The claimant appeals, contending that he should have been given an impairment under Table 49 of the Guides to the Evaluation of Permanent Impairment, third edition, second printing, dated February 1989, published by the American Medical Association (AMA Guides third edition) and that his IR should be 20% as assessed by the treating doctor. The respondent (carrier) responds, urging affirmance.
DECISION
Affirmed.
The parties stipulated that the claimant sustained a compensable injury (to his left shoulder and neck) on _____________, and that the claimant reached maximum medical improvement (MMI) on November 11, 2001. It is undisputed that the claimant has had two left shoulder surgeries and that the AMA Guides third edition should be used because a carrier-required medical examination (RME) doctor first assessed an IR (not in evidence) on August 22, 2001, using that edition. Dr. H the designated doctor initially assessed a 14% IR based on the Guides to the Evaluation of Permanent Impairment, fourth edition (1st, 2nd, 3rd, or 4th printing, including corrections and changes as issued by the American Medical Association prior to May 16, 2000) (AMA Guides fourth edition). (The treating doctor contends that the 14% IR should be added to a 6% impairment from Table 49 Section (II)(C) of the AMA Guides third edition to arrive at 20% IR.) The designated doctor was advised to use the AMA Guides third edition and after a reexamination on January 27, 2003, assessed a 12% IR based on 8% impairment for cervical loss of range of motion (ROM) and 7% impairment of the left upper extremity (LUE) or 4% whole body impairment for LUE loss of ROM. Letters requesting clarification were sent to the designated doctor asking if an impairment from Table 49 (AMA guides third edition) would be appropriate. In a letter dated July 30, 2003, Dr. H replied that based on his examination, the complaints, history and studies he believed it was not appropriate to use Table 49. Cervical MRIs reveal no disc herniations and at least one report dated July 31, 2001, reviews the claimant’s MRI to be “completely normal appearing cervical spine other than degenerative changes C5 and C6.” Another carrier RME report dated August 22, 2001, assessed an 11% IR based on 4% impairment from Table 49 Section (II)(B) and 7% impairment for LUE loss of ROM.

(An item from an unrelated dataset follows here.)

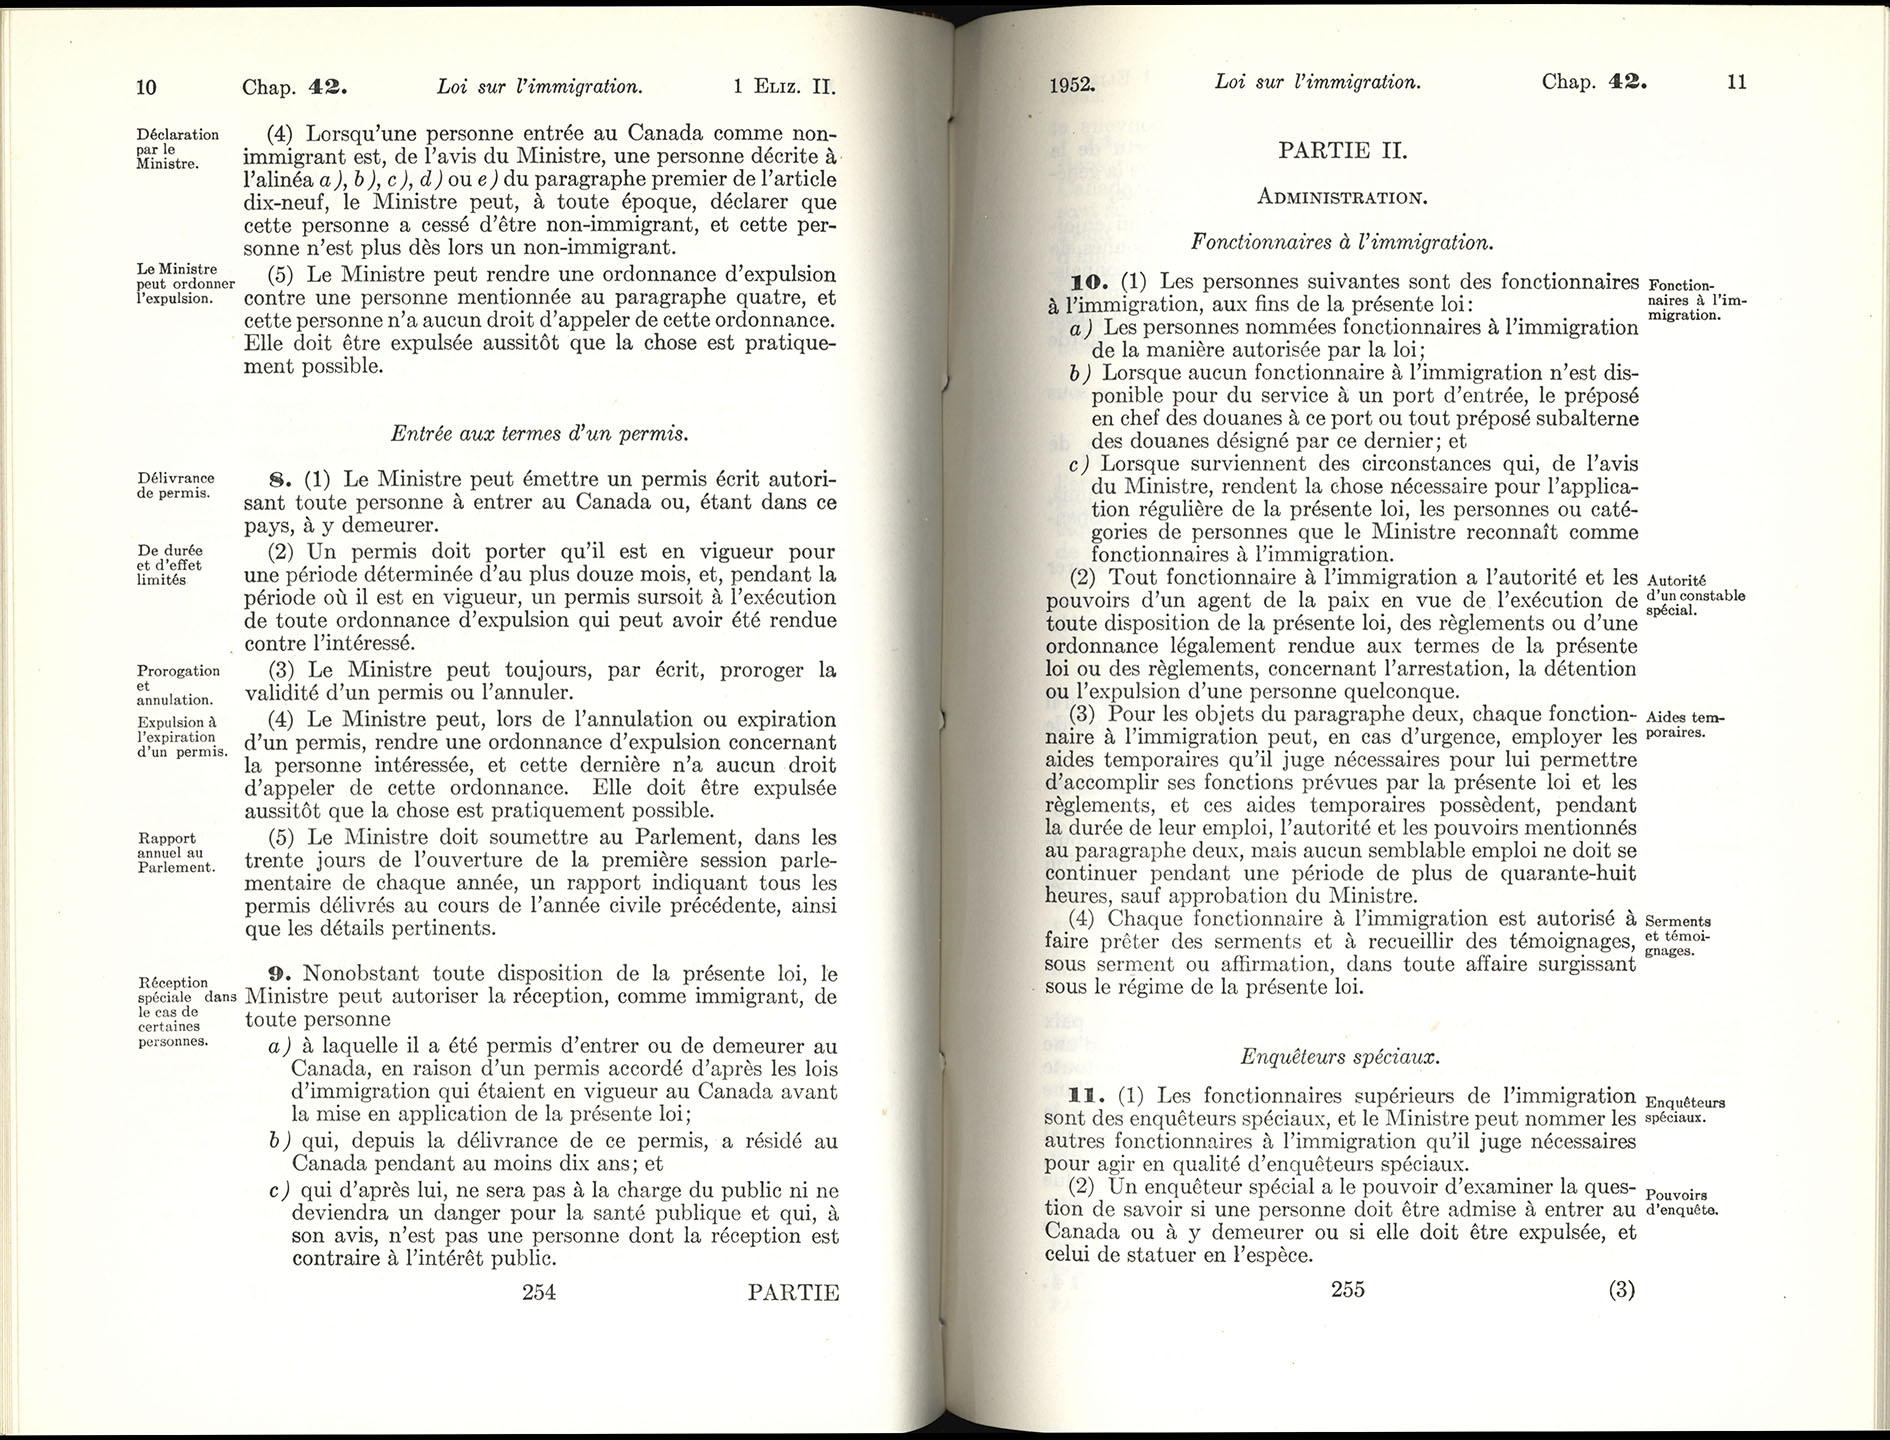 Chap 42 Page 254, 255 Loi sur l’immigration, 1952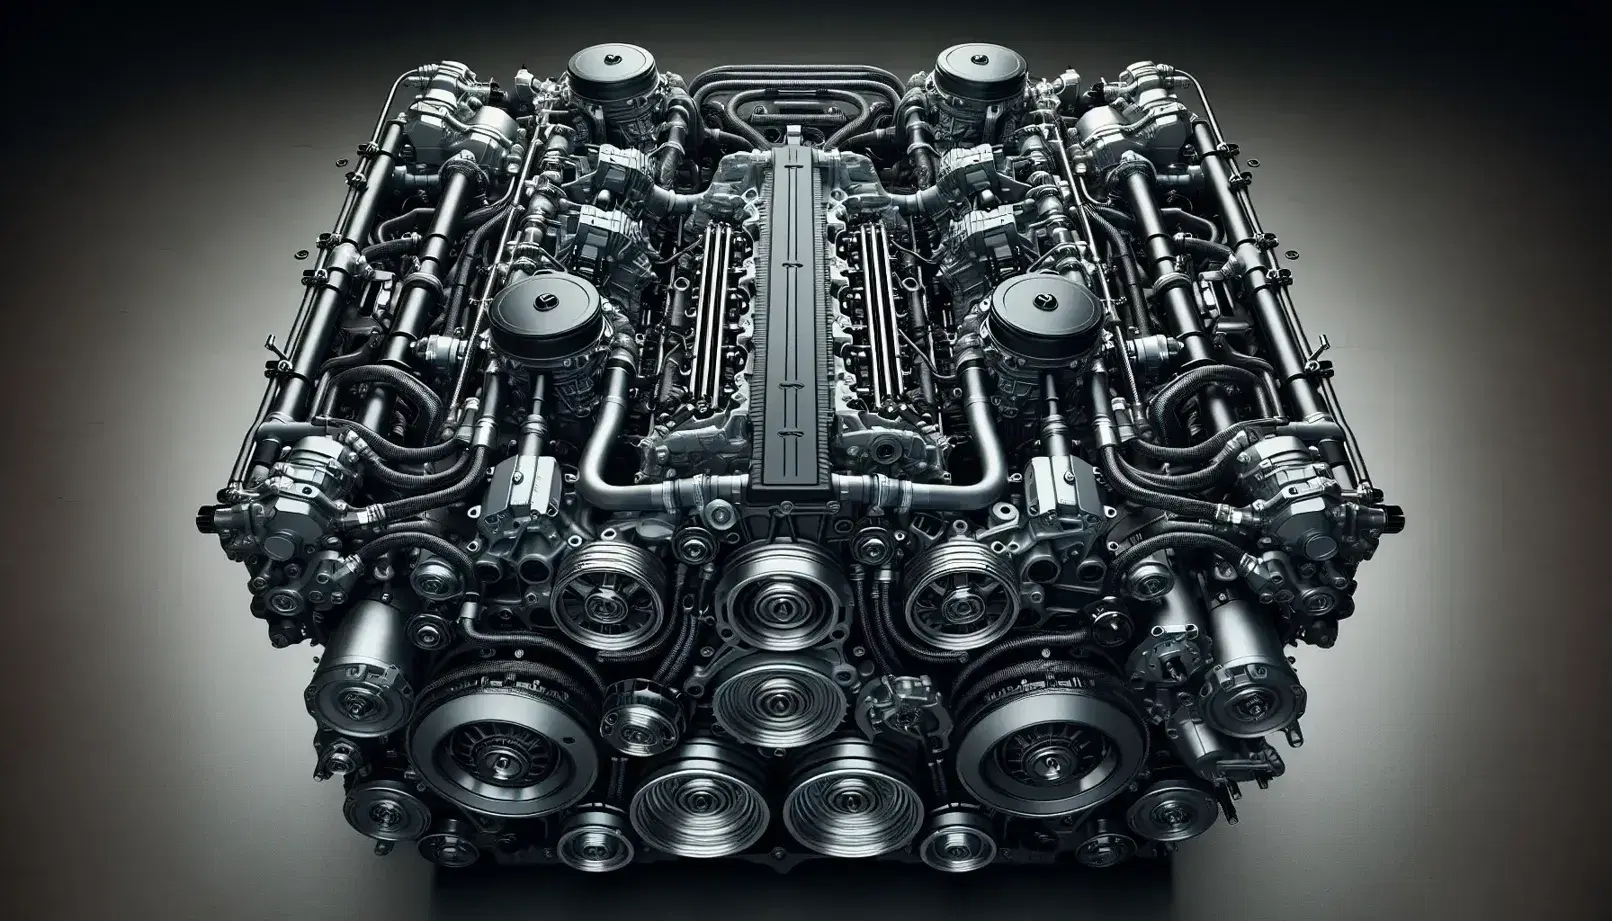 Sección transversal de motor de combustión interna de coche mostrando pistones, bloques de cilindros, tuberías metálicas, cubierta de válvulas y componentes auxiliares.

At issue was whether the claimant should have a rating from Table 49 for a cervical impairment. This is a case where there is a difference of medical opinion regarding the rating of the cervical injury.
Section 408.125(e) provides that if the designated doctor is chosen by the Texas Workers’ Compensation Commission (Commission), the report of the designated doctor shall have presumptive weight, and the Commission shall base the IR on that report unless the great weight of the other medical evidence is to the contrary, and that, if the great weight of the medical evidence contradicts the IR contained in the report of the designated doctor chosen by the Commission, the Commission shall adopt the IR of one of the other doctors. We have previously discussed the meaning of the “the great weight of the other medical evidence” in numerous cases. We have held that it is not just equally balancing the evidence or a preponderance of the evidence that can overcome the presumptive weight given to the designated doctor’s report. Texas Workers’ Compensation Commission Appeal No. 92412, decided September 28, 1992. We have also held that no other doctor’s report, including the report of the treating doctor, is accorded the special, presumptive status accorded to the report of the designated doctor. Texas Workers’ Compensation Commission Appeal No. 92366, decided September 10, 1992.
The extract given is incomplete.